Nova Scotia Health Minister Randy Delorey Defends Existing Access To Abortion

He was responding to recent complaints that women in the province face significant roadblocks in accessing abortion services.

Nova Scotia Health Minister Randy Delorey answers questions during the Conferences of Provincial-Territorial Ministers of Health in Winnipeg on June 28, 2018.
John Woods / The Canadian Press
Nova Scotia Health Minister Randy Delorey answers questions during the Conferences of Provincial-Territorial Ministers of Health in Winnipeg on June 28, 2018.

HALIFAX — Nova Scotia's health minister says he believes there is timely access to abortion services in the province despite calls from advocates to improve access.
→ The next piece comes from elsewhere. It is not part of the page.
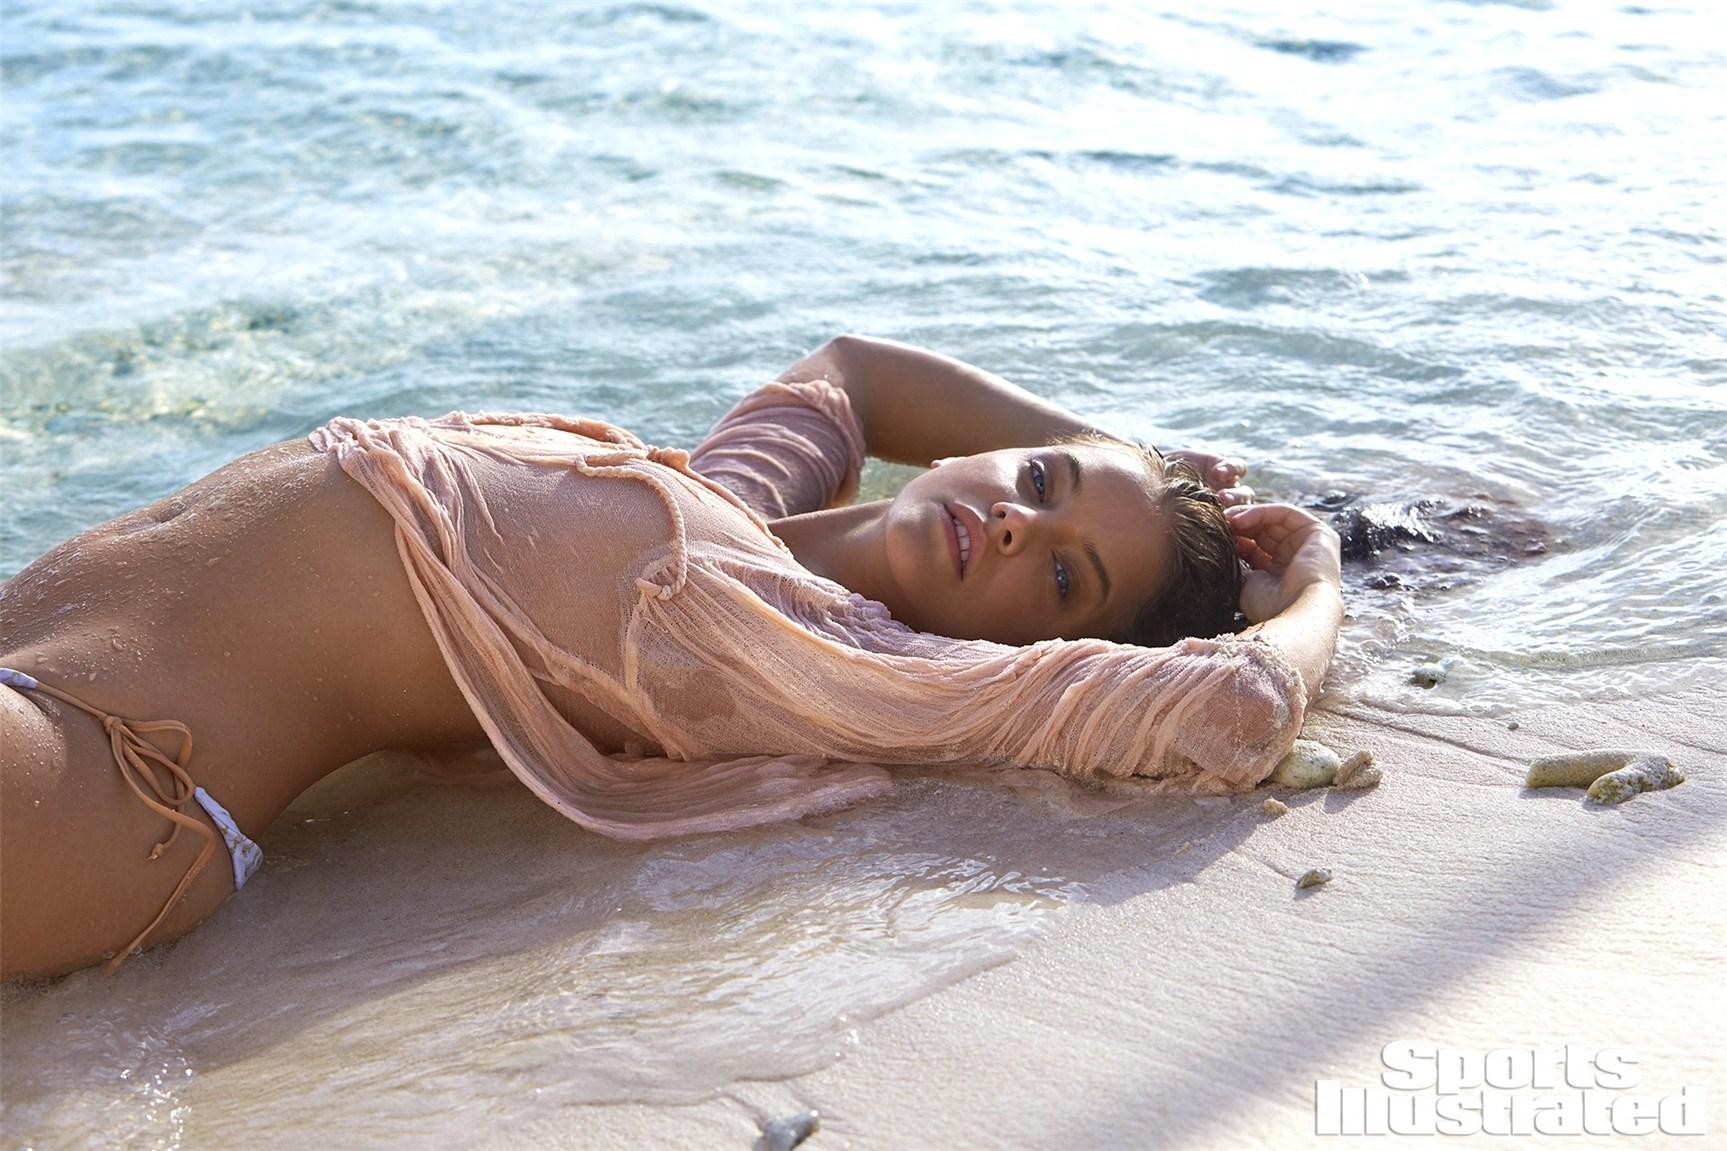 Barbara Palvin / Барбара Палвин в купальниках из новой коллекции Sports Illustrated Swimsuit 2017 issue / in Curacao by Ben Watts

Randy Delorey said Thursday the province has taken steps to improve access to abortion services, including funding the abortion pill in November 2017 and giving Nova Scotians the option to self-refer for an abortion earlier this year.

Delorey said it's his understanding that most women get "relatively timely access" of within a day or two because of dedicated spots available for ultrasound services at the Queen Elizabeth II Health Sciences Centre in Halifax, which handles 80 per cent of abortions in the province.

Andrew Vaughan / The Canadian Press
Randy Delorey in Halifax on Sept. 20, 2016.

"The information that I've been provided shows that the services being made available are available when they are needed," Delorey told reporters at the legislature.

The call for better access came after The Globe and Mail's Atlantic bureau chief published an account of her experience hitting multiple roadblocks while trying to get an abortion in Nova Scotia, before eventually flying to Toronto for the procedure.

Although Delorey won't speak to that specific case, he says abortion services are managed by clinicians who are following national guidelines and recommendations.

He said clinical guidelines are not managed by the government.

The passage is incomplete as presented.